A writer of talent she blends off the wall humour with real life tales, both equally as strange as each other. Claiming to be First Nations which is odd as we all know the Scottish are the first nation God made and all other people were molded from our feces (the English came from our diarrhea) she crafts brilliant, mental as fuck comments and poems to yers truly which clearly shows she wants me trouser snake but hey who doesn't?
Paul may be a nice name according to her blog title but I know a right cunt named Paul so what do you say about that? First Nations has proven herself in battle against the evil MJ and on her blog as a nutcase, welcome to The Knudsen Nation.

Thursday, August 16, 2007

Inner Voices


A young man of American persuasion, a shadow who popped up and demanded that I elevate him to greatness.
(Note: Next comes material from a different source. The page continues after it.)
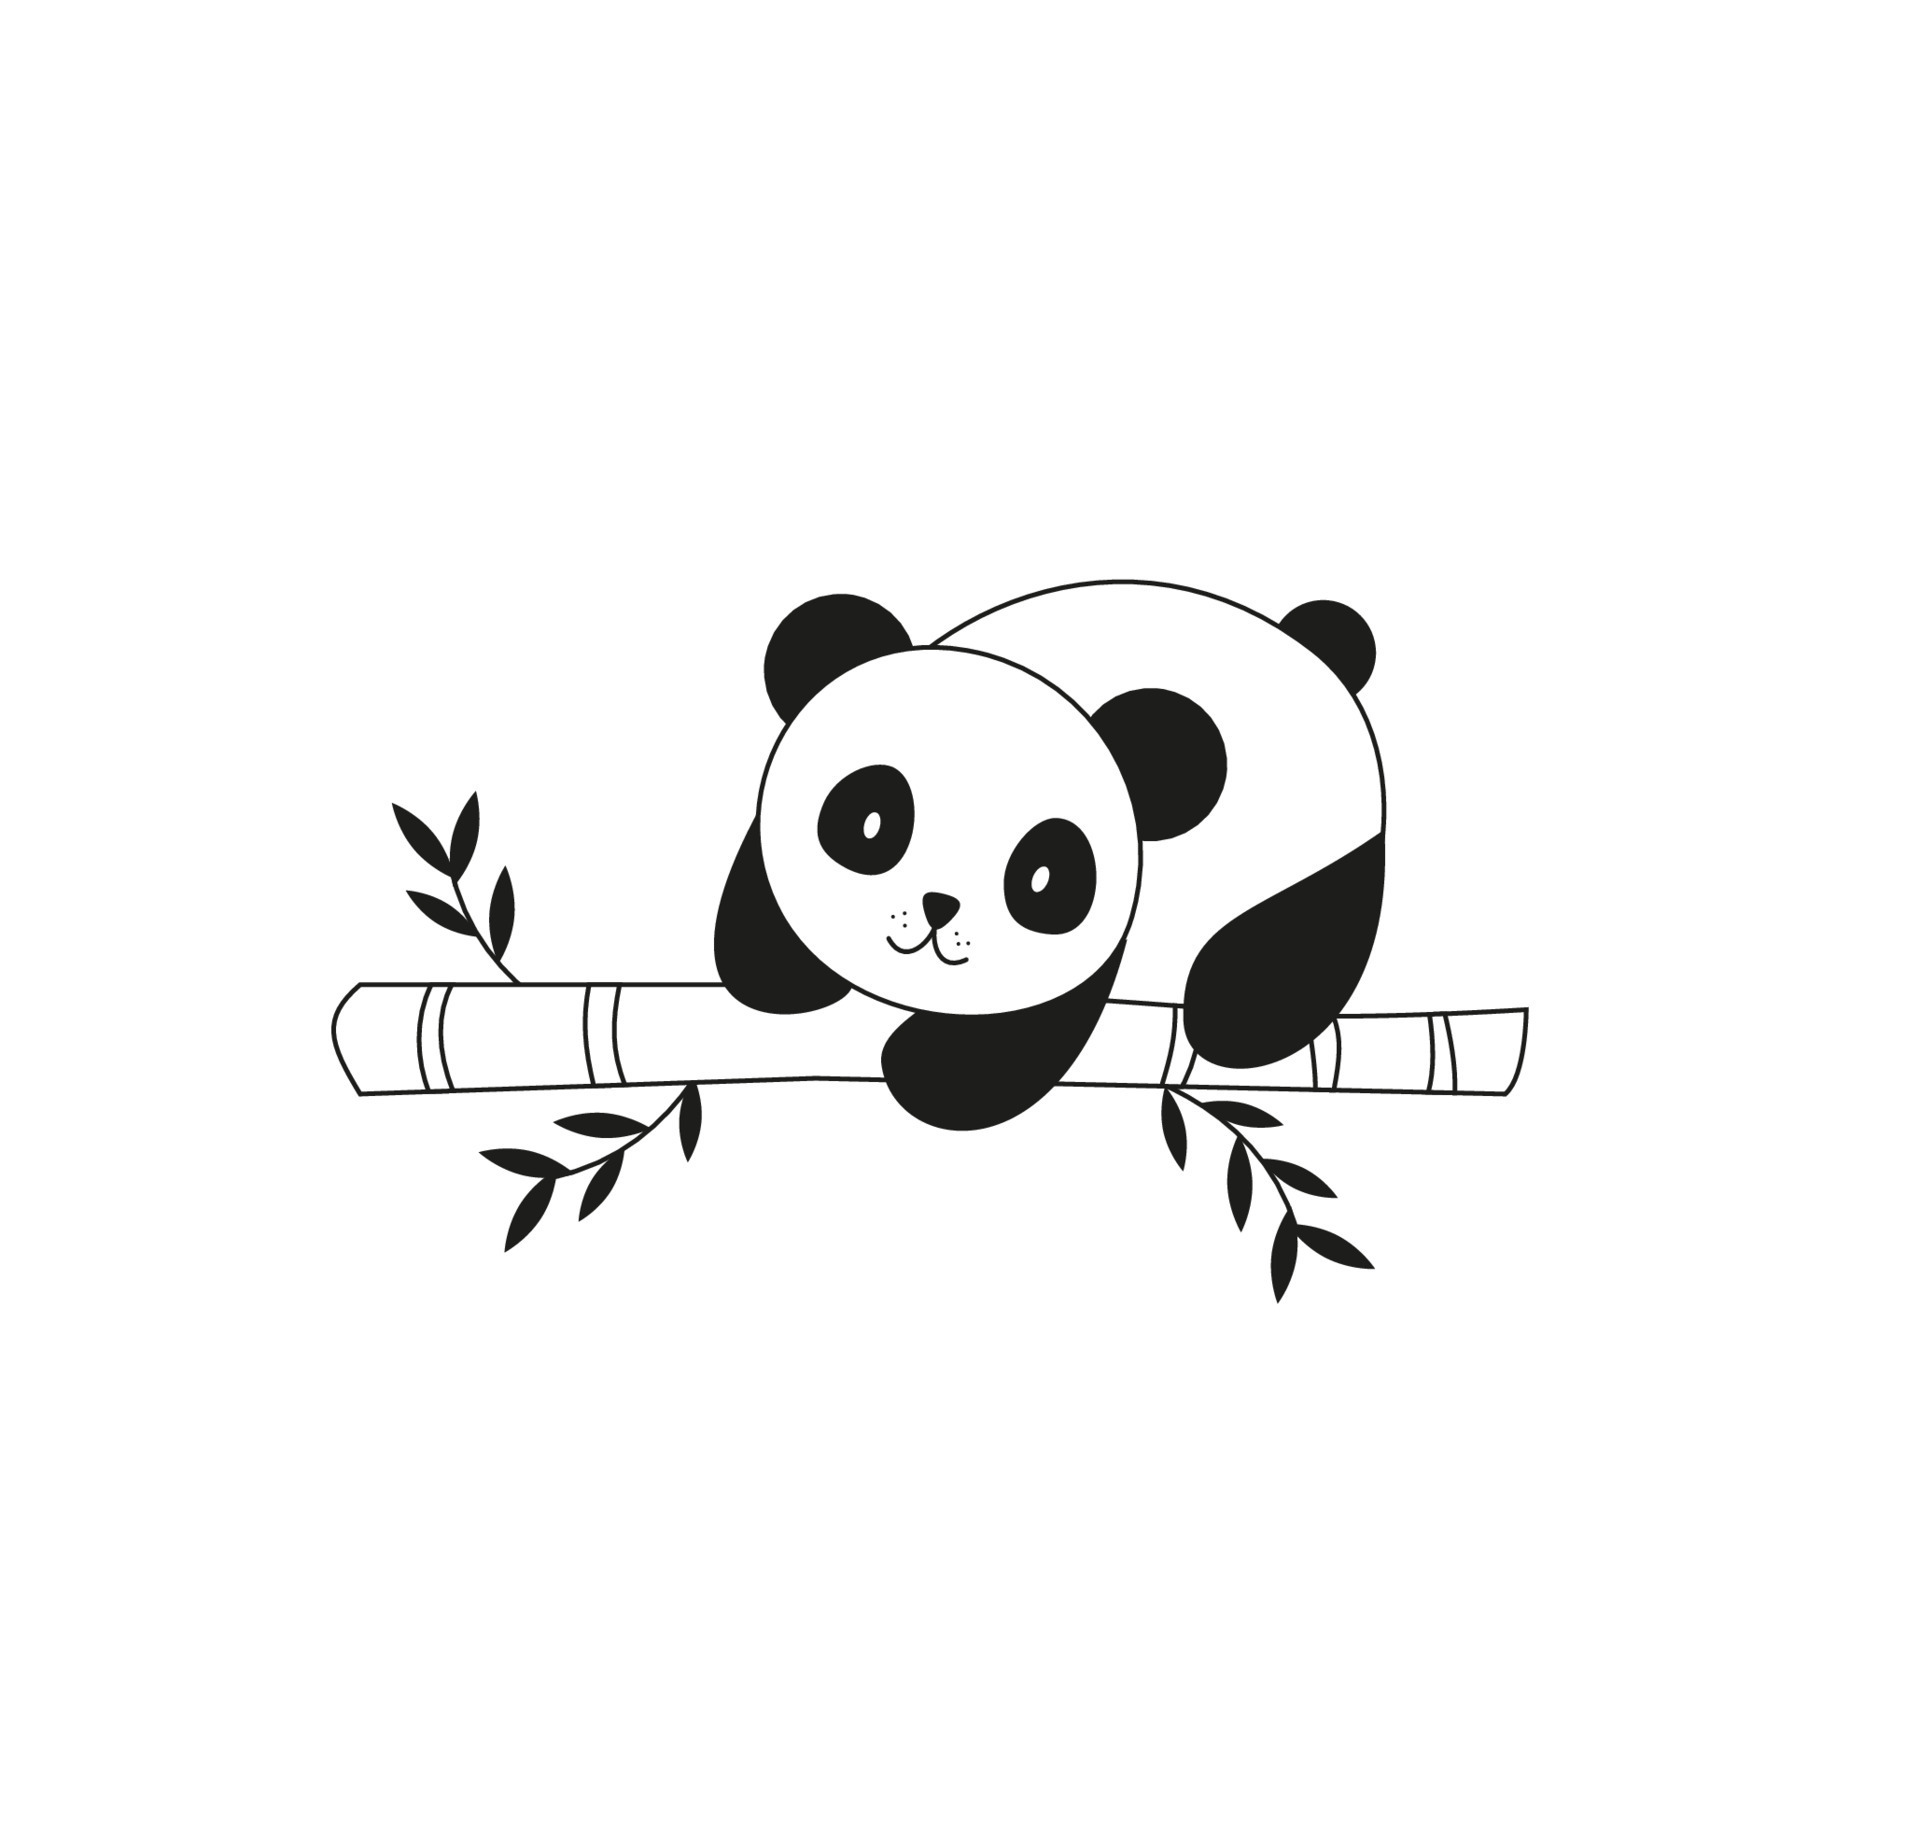 panda sentado e comendo bambu com um toque de aquarela desenhado à mão  desenho ilustração vetorial de tintas 2492491 Vetor no Vecteezy

I am wary of new people as so many are out to kill me and force me to pay child support so I Investigated him.
I found him worthy of the nation because he completed the 101 challenge that so many weaker bloggers are too scared to do.
Young Zack of "What do the voices mean" is self proclaimed white trash who farts when he pleases and masturbates to ghey midget porn ..................... probably. Interesting yet angry he likes grunting female tennis players (who doesn't?) and exposing himself in public. I look forward to seeing yer art, the nation welcomes Inner Voices.

Babs Bitchin


Babz the brabbler, the founding member of the Dirty Bitch Society and spawn of the dark god Anternocitus otherwise known as Old Knudsen. Having lived a rough life on both sides of the law she has taken the lessons learned and moved on to create 57 blogs (2 more than me) full of fun, venom and advice, all the things a growing child needs.
Its true she is crazy as fuck and was once awarded the covetous Trainwreck award but underneath that hard armoured shell a soft under belly can be found though only the brave go looking for it.
She'll tell you what she thinks and has a respect for honesty and boldness, I'm sure shes ok with baldness too I'll have to ask.

Go looking for her at Babs Bitchin and The Dirty Bitch Society.